I minced over to him cautiously. The soles of my boots clicked uselessly on the stone. They could be magnetized at need, but little good that did me here. He was laughing at me.
“Still got space legs,” he said. He looked like he was enjoying my awkwardness, and I seethed. He was always teasing me when we were kids. He was handsome now and looked like he knew it, but he was just as infuriating. “When did you make landfall?”
“Three months ago,” I said. Quarantine and mandatory re-immersion had taken that long. Once Earthside, I had to meet with my grandfather’s attorneys and go over the will.
He snorted. “Took you long enough.”
I didn’t bother to reply. He had clearly never been off-world and didn’t understand about launch windows and transfer points. He turned to give me an assessing look. I flushed and straightened under his gaze.
“My, you’ve grown, Skinny,” he said, using his old nickname for me. I had been a gangly child, all arms and legs. Space and zero-g had only accentuated that. I managed to raise an eyebrow and give it back to him.
“Same with you, Pudge. Still the same jerkface kid you always were.”
He just laughed, as if he knew his needling got to me. “Come on into the office. My mom wants to say hi.”
He took the duffle bag from me and hefted it easily with a look of surprise. “This is all you’ve got?”
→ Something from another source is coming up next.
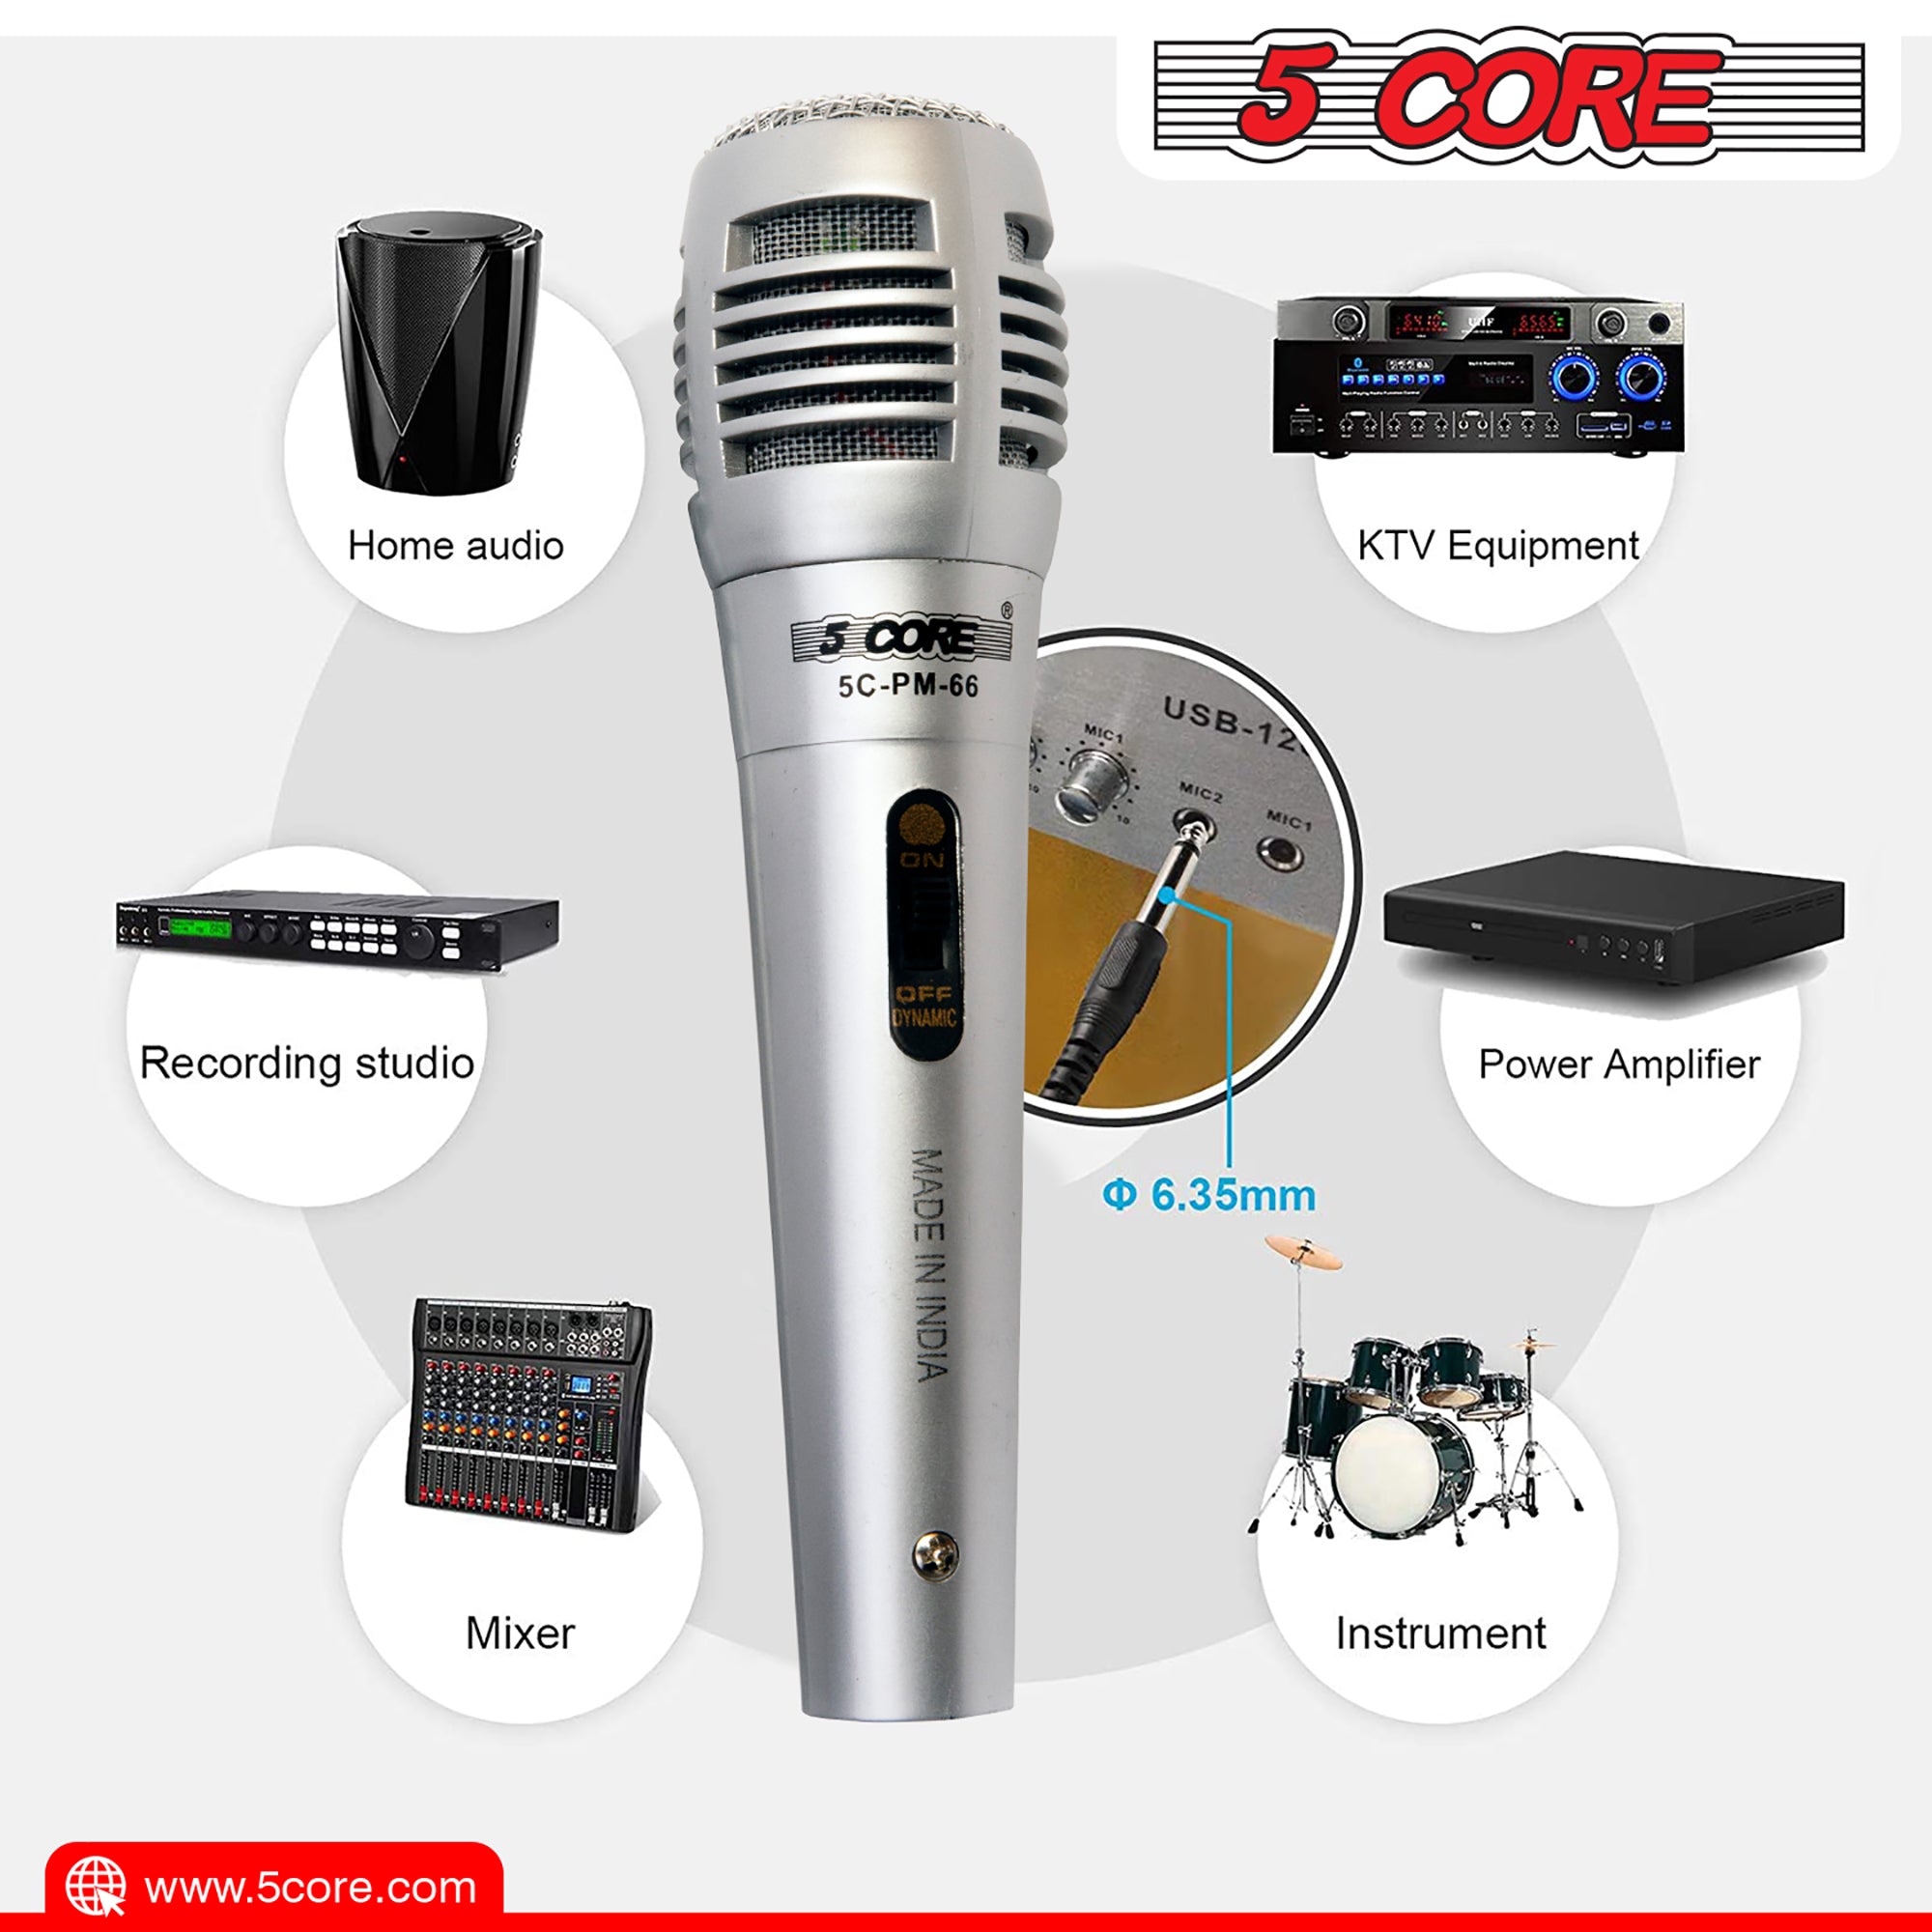 Boost Your Performance: PM-66K Microphones Ensure Quality Sound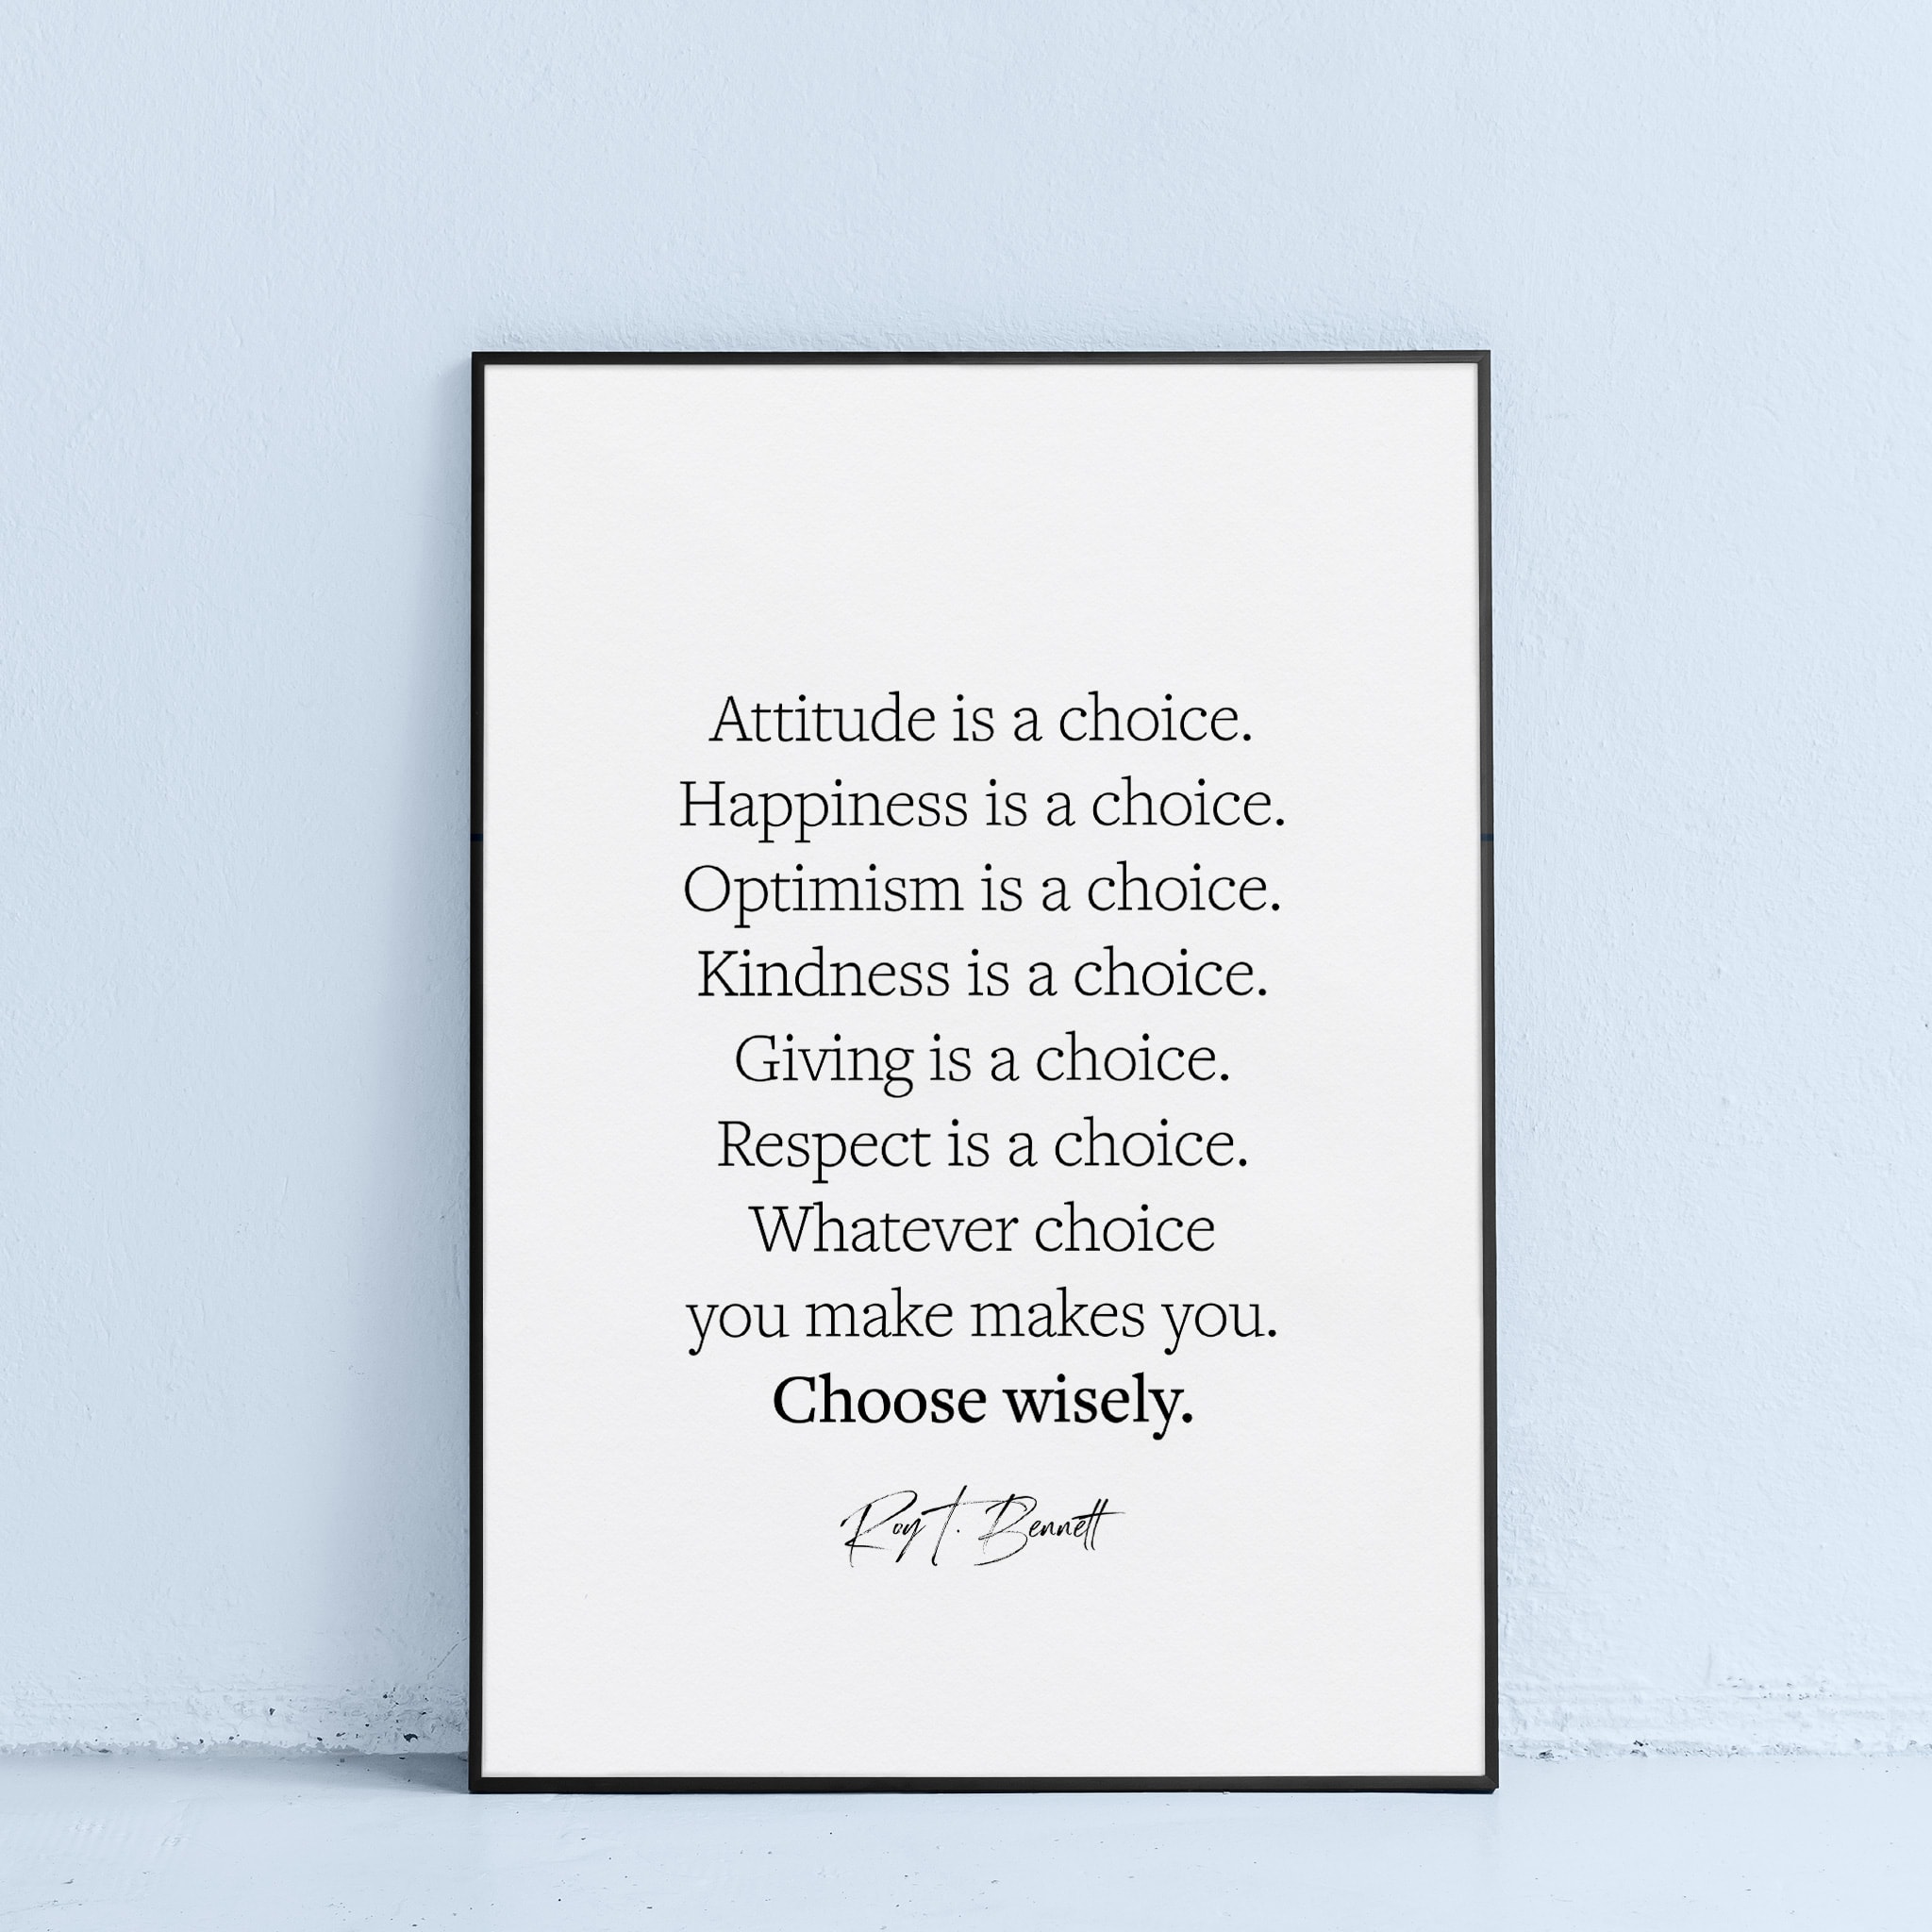 attitude is a choice roy t bennett quote poster to print at home

It was half my height and stuffed solid with my worldly possessions. I had taken little with me when I left Earth, and had accrued not much more. When every kilo is an extravagance, spacers learn to live lean.
“Yes,” I said stiffly. “I travel light.”
To my surprise, he said, “I hear that.” There was a weighted undertone to his voice that made me wonder, but he didn’t say anything more. I followed him into the office, and breathed a sigh when he closed the door on the winter day. The office was warm and well lit. Old charts were hung haphazardly on the wall in between sophisticated and modern transmitting and depth-sounding equipment. My eyes were drawn to the ancient twentieth-century phone that hung on the wall. Its twin was in the kitchen of the house on Tern Island. Mrs Dawes, the housekeeper, used to use the phone to call the office to put in the weekly grocery order.
Mrs Cardenas bustled out of the back room, a smile of pure delight gracing her broad face. She was a short, wide black woman, her hair only lightly frosted with gray.
“Little Beatriz, how you’ve grown. Come here, girl, let me give you a hug.”
“Mrs Cardenas, it’s wonderful to see you again.” I hugged her back with delight. She had been so kind to a small, frightened child and a surly teenager – I felt a pang at the way I had thrust her out of my memory along with the rest of my childhood. She hadn’t deserved that.